First of all, if you are this confused about anesthesia to begin with, perhaps Lange (if we're talking about M&M here) is over your head. Try Miller's Basics of Anesthesia, or better yet, any of the dozens of websites out there for basics of IV and volatile anesthetics. Nonetheless - I'm going to address one aspect of what you said since my knowledge is limited.

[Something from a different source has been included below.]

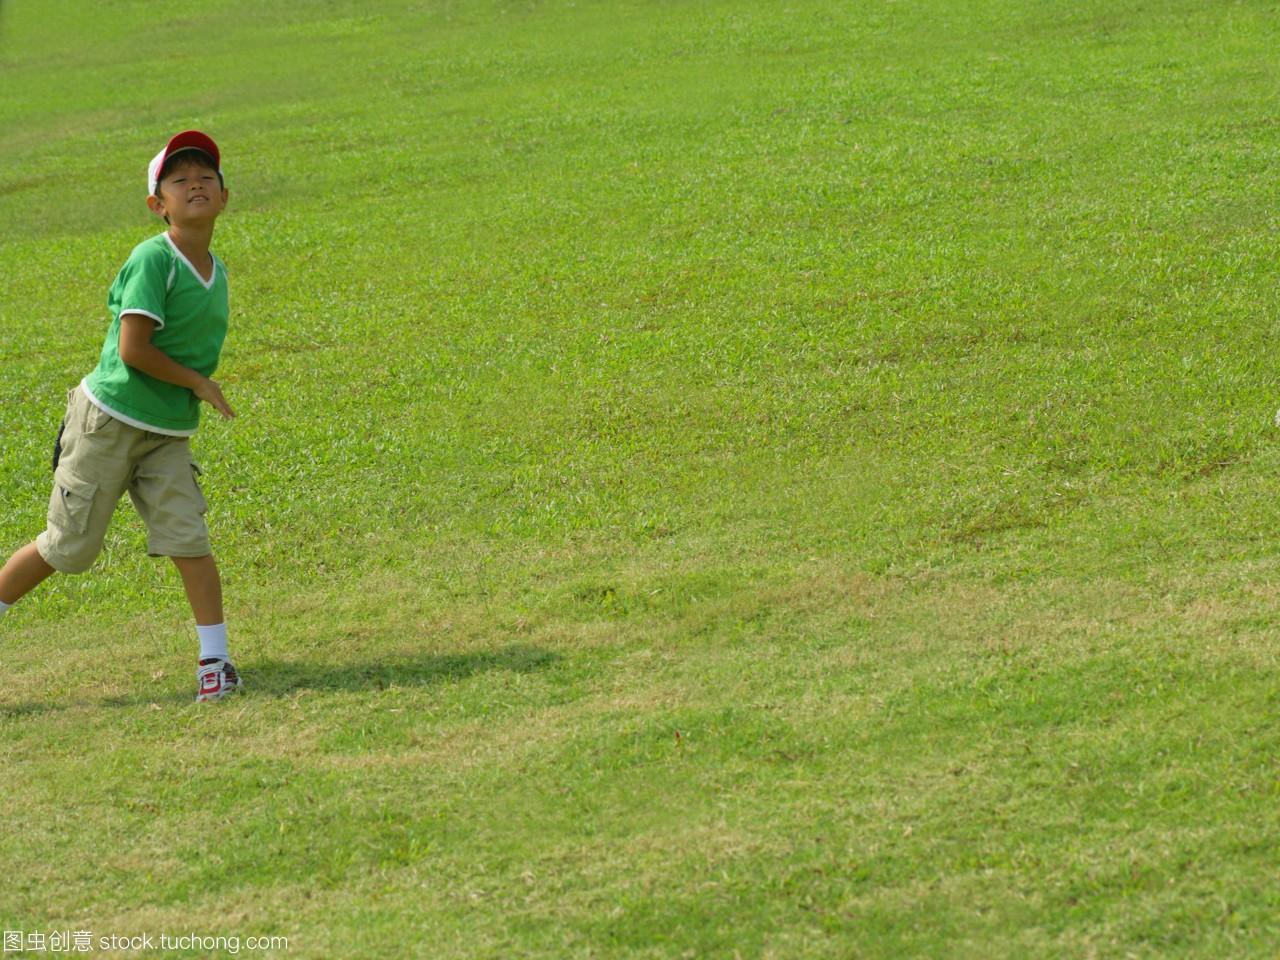 高中在男孩玩v高中游戏黔江新华田野重庆市图片
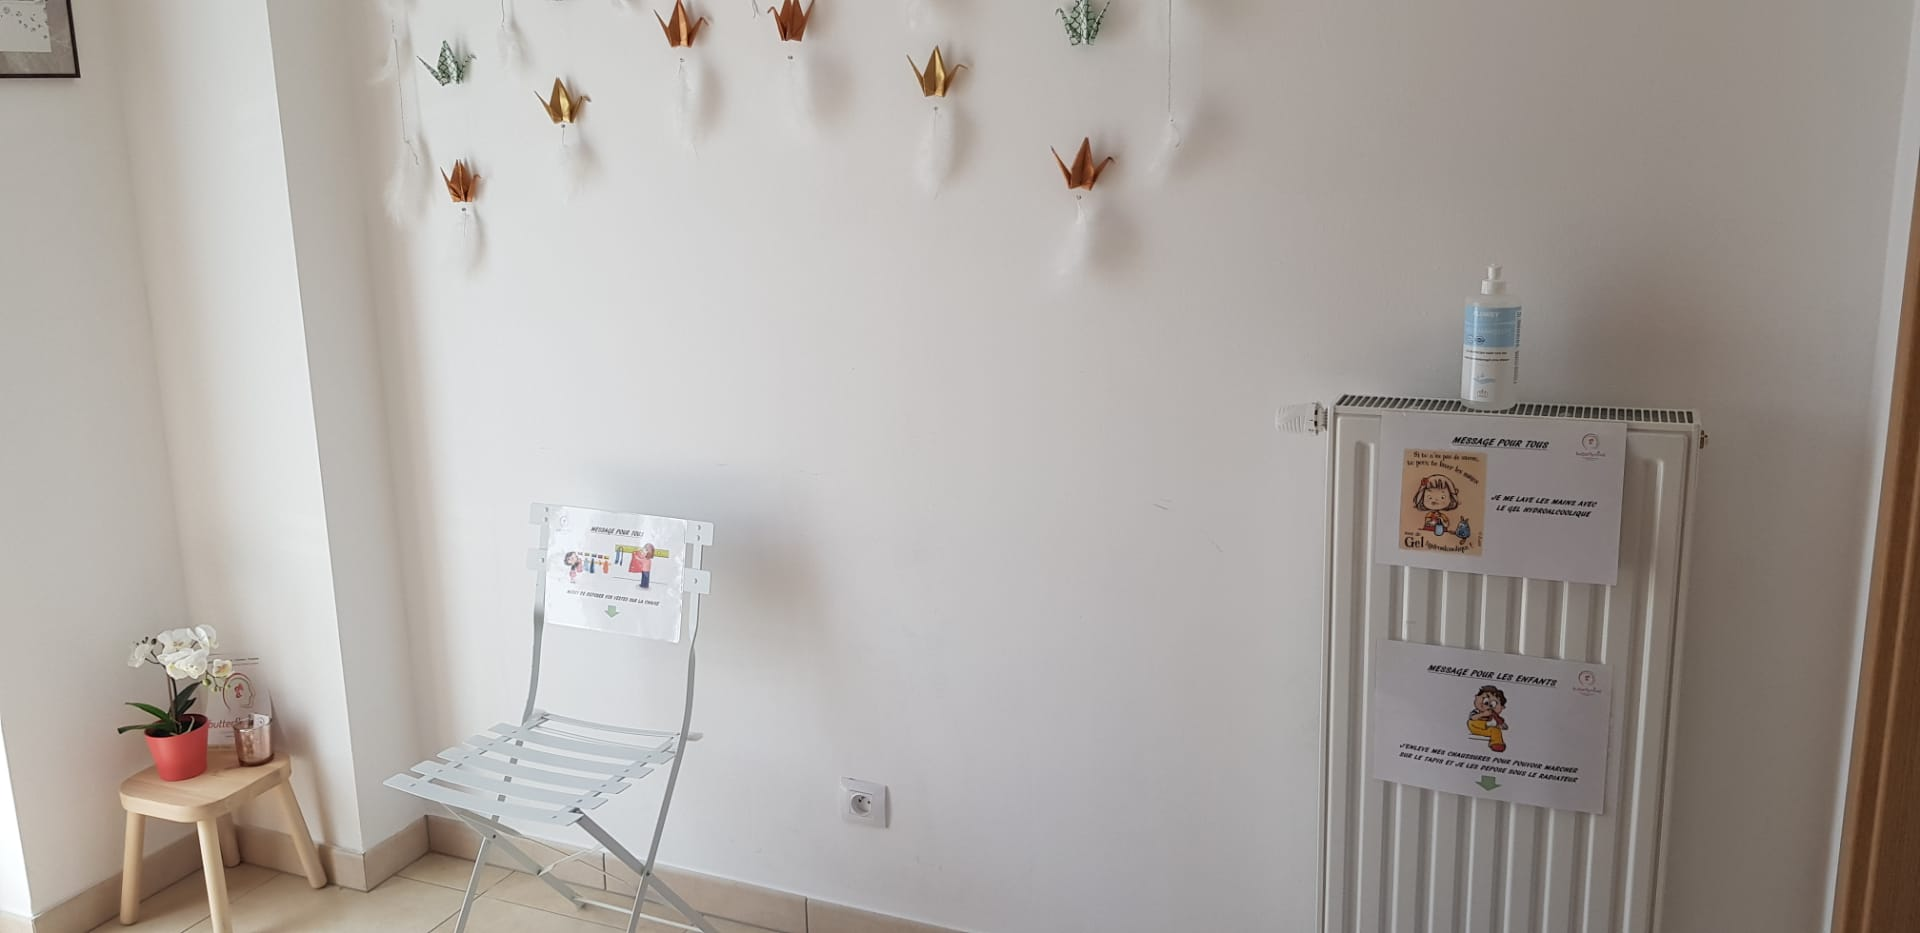 Salle d'attente butterfly mind-mesure coronavirus

After induction (commonly w/ an IV sedative-hypnotic and neuromuscular blocker), most general anesthetics use a volatile agent to provide hypnosis, amnesia, and a variable degree of analgesia and immobility. Often, analgesia is supplemented/provided w/ IV opioids (e.g. fentanyl) or other agents, and immobility is provided/supplemented with a non-depolarizing neuromuscular blocking agent (e.g. rocuronium, vecuronium). Major misperception: volatile anesthetics are not a drug of choice for analgesia, and sux is not the drug of choice for long-term neuromuscular blockade.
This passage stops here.